The dark field microscopy images are prone to degradation, distortion, and inaccuracies. A specimen that is not thin enough or its density differs across the slide may appear to have artifacts throughout the image. The preparation and quality of the slides can grossly affect the contrast and accuracy of a dark field image. One need to take special care that the slide, stage, nose, and light source are free from small particles such as dust, as these will appear as a part of the image. We have to use oil or water on the condenser and/or slide, it is almost impossible to avoid all air bubbles. These liquid bubbles will cause images degradation, flare, and distortion and even decrease the contrast and details of the specimen.
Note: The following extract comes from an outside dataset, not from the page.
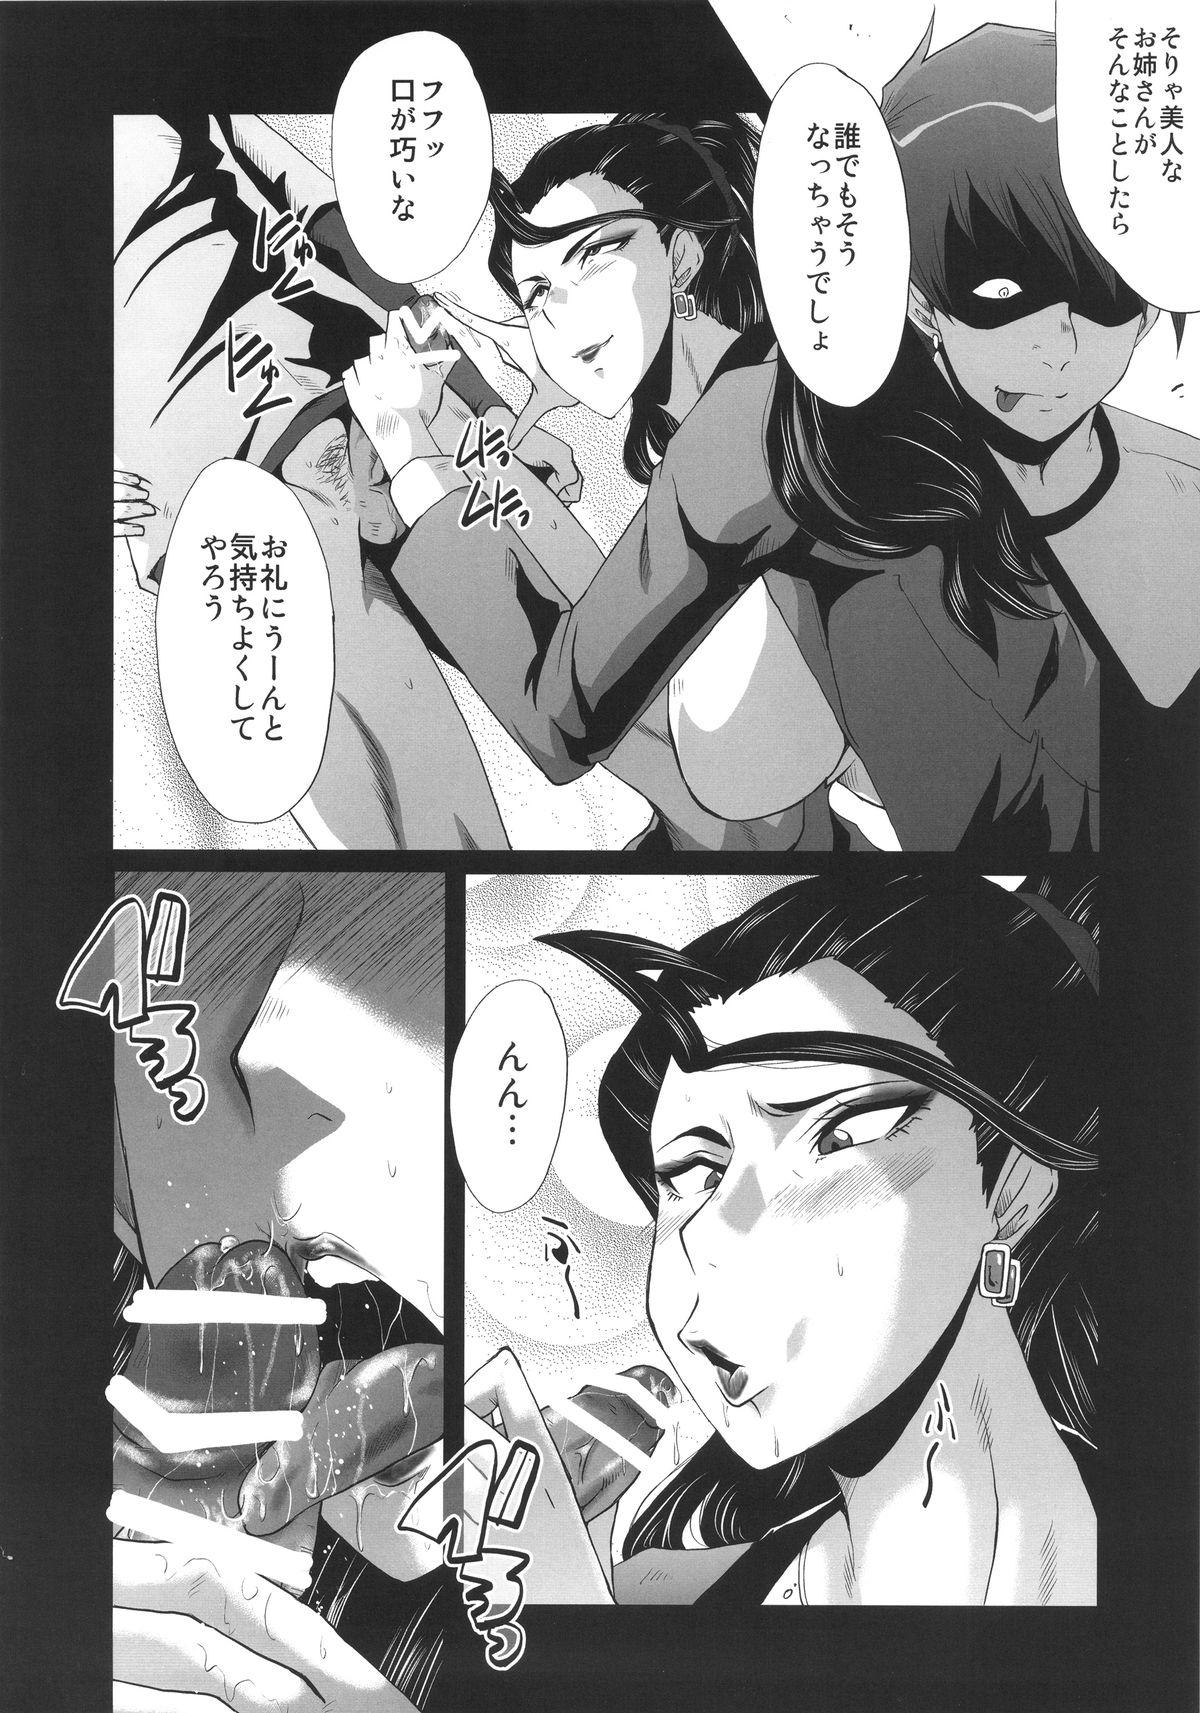 Stepsis Urabambi 52 Injuku no Kyouen - The idolmaster Amateur Sex - Page 8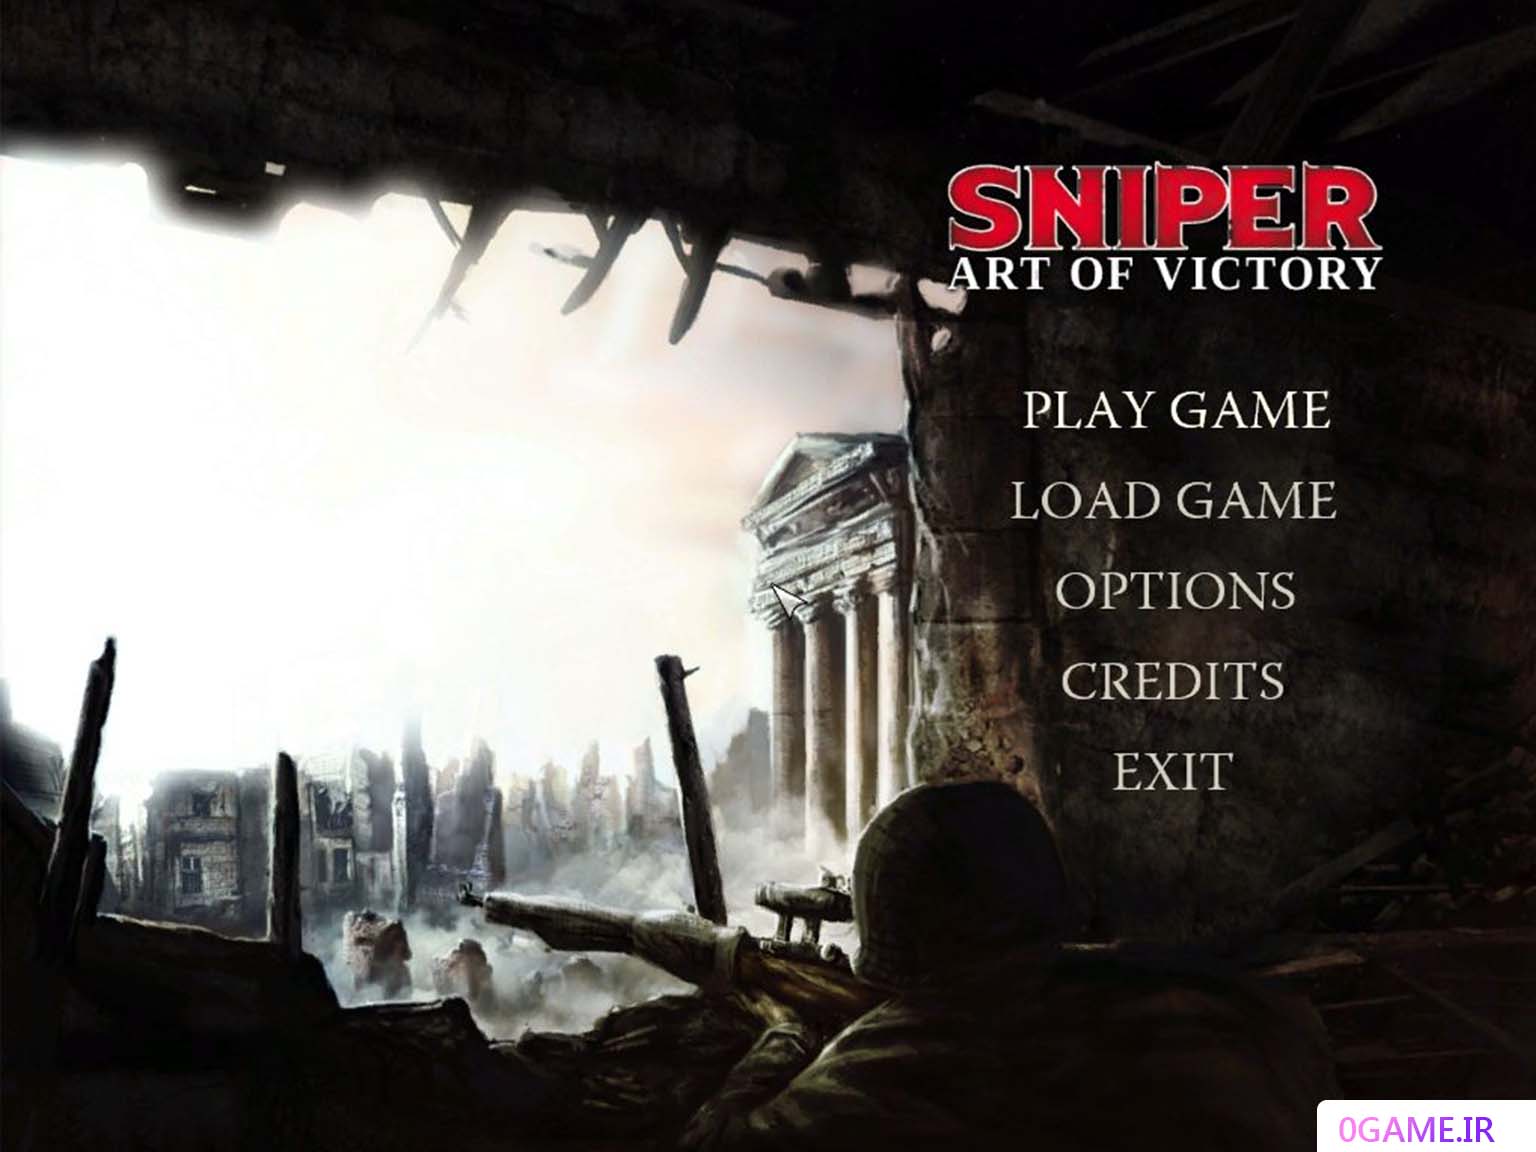 دانلود بازی تک تیرانداز هنر (Sniper: Art of Victory) نسخه کامل برای کامپیوتر

It uses a magnification of range ×1500. On October 8, 2014, the Nobel Prize in Chemistry was awarded to Eric Betzig, William Moerner, and Stefan Hell for “the development of super-resolved fluorescence microscopy,” which brings “optical microscopy into the nanodimension. It was British scientist Sir George G. Stokes first described fluorescence in 1852.
In fluorescence microscopy, the sample you want to study is itself the light source. The technique is used to study specimens, which can be made to fluoresce.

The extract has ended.